ANDALUCIA, SPAIN l Matteo Manassero is not up there with Rory McIlroy, at least as yet. But his record-equalling 64 in the first round of the Andalucian Open at Aloha once again had everyone speaking about the two players in the same breath. The Italian had a frugal 24 putts on greens as heavily dipping and heaving as those at Augusta where, regrettably, he might struggle to be from 9-14 April.
“It was one of those good days,” said a beaming Manassero, who will be 19 next month. “I made 90 per-cent of my birdie chances and I played with Miguel (Angel Jimenez), which was such fun.”
The charms of Aloha added to everybody’s feel-good factor that morning. The spectators, when they were not admiring the golf, were marvelling at mountain views punctuated by conifers as rigidly erect as church steeples. Manassero, for his part, was revelling in the fact that this was his sort of course, one where distance control and strategy were all-important.
Back in Italy, they have been asking Alberto Binaghi, Manassero’s long-time coach, “What has happened to your boy?” In the people’s eyes, the lad was in a slump because he had not won since last April’s Maybank Malaysian Open. Irritated though Binaghi has sometimes felt at that line in questioning, he has always explained, patiently, that Manassero has continued to do distinctly well for one so young. Even if he had not won for a third time, he had succeeded in finishing in 31st place on the 2011 Order of Merit.
Before coming to Aloha, Manassero was sixth in Abu Dhabi prior to reaching the second round of the WGC-Accenture Match Play. There, he lost to Martin Laird by 2 and 1 in a cracker of a second-round match in which the Scot made an unanswerable seven birdies.
Manassero was probably as disappointed with his 2011 results as any of those concerned Italians, at least until Binaghi argued it out with him at the turn of the year.
“I told him that his attitude was bad,” said Binaghi. “After he won in Malaysia, he was expecting to win a tournament a month but that was never going to happen. He started pushing too hard and that eventually affected his putting. He was too easily frustrated and he stopped smiling.
“I reminded him that when he won his tournaments, he wasn’t expecting so much of himself and that his attitude was all the better for it.”
Binaghi, when he was on Tour, played alongside such greats of the game as Gary Player, Nick Faldo, Bernhard Langer, Seve Ballesteros and Jose Maria Olazabal.
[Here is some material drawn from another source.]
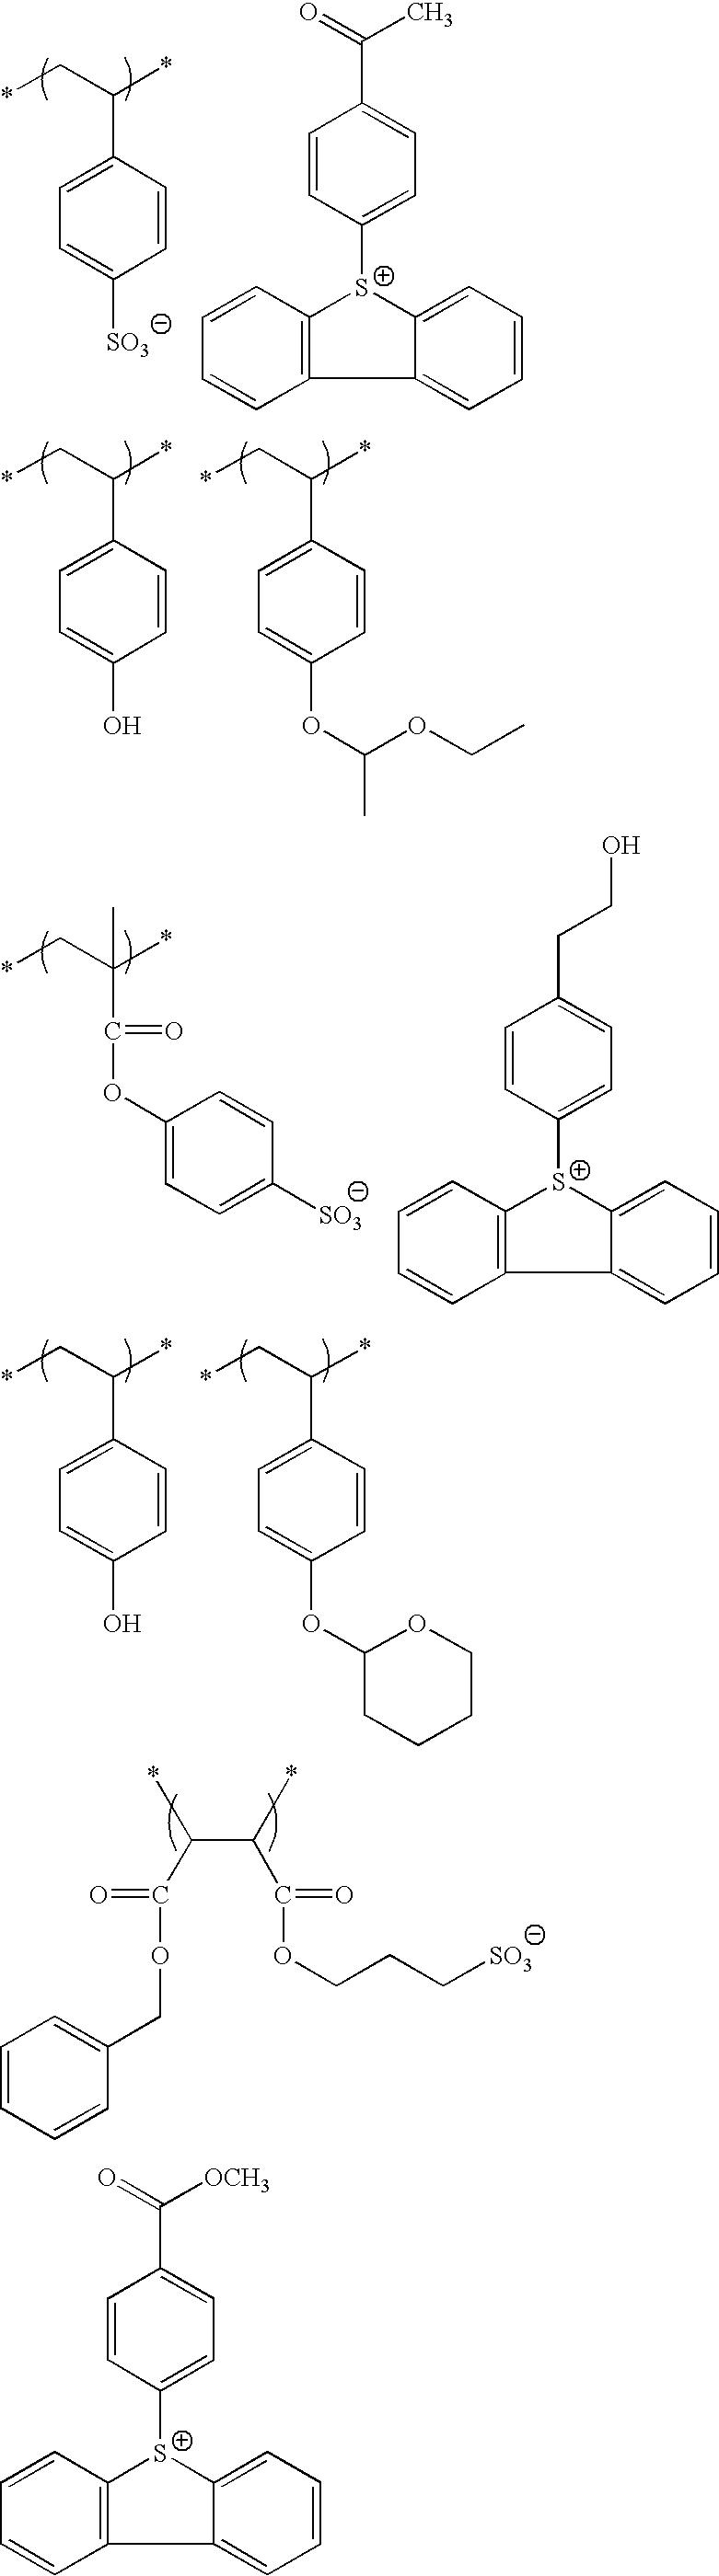 Figure US20100183975A1-20100722-C00149

As he watched Manassero over the second nine of his 64, Binaghi spoke of how Manassero reminded him of no one as much as Langer.
“When Langer couldn’t do a shot he didn’t do it,” said the coach. “He chopped out sideways and went from there. Matteo is like that. Very good on strategy. He is not like Rory, who can kill a course with his length. There are no ‘gimme’ fours at the par fives for him. He has to work for his birdies.”
Mind you, none of his nine birdies looked difficult last Thursday, with one great putt after another subsiding bang in the middle of the cup.
During the Volvo Golf Champions in January, Binaghi, Dave McNeilly, Manassero’s caddie, and Manassero himself had a brainstorming session in a bid to identify what was awry with what everyone considers to be a great putting stroke.
They considered all three of “quality of strike,” “hole awareness” and “pace” and, before too long, Binaghi identified that the player was taking his putter back ever so slightly inside the line and pushing his putts a tad. While he finished that tournament no higher than 23rd, his 68 on the Sunday was the second-best score of the day.
Binaghi is happy that the teenager in Manassero has not gone away. He still hangs around with his old school friends when he is not playing tournaments, though he follows Binaghi’s advice not to involve himself in their football games. “Matteo,” laughs Binaghi, “would be incapable of holding back.
“Luckily,” he continued, “he likes golf so much that he does not feel the urge to be doing anything else.”
Manassero has a BMW waiting for the moment when he passes his driving test, though that would not seem to be the priority that many might suppose. Either for him or, presumably, for his mother, who is currently enjoying driving the automobile herself.
When it was put to Manassero on Thursday night that it must be “important” to him to be at The Masters, he shrugged off that word straightaway.
“It’s not ‘important’ to play at Augusta but it would be nice. I’ve been once and it would be good to go back but there are other events. Morocco, Sicily and Malaysia, for a start.”
In other words, he has taken heed of Binaghi’s advice not to be in so much of a hurry – an approach which could serve him equally well when, finally, he gets behind the wheel of that BMW.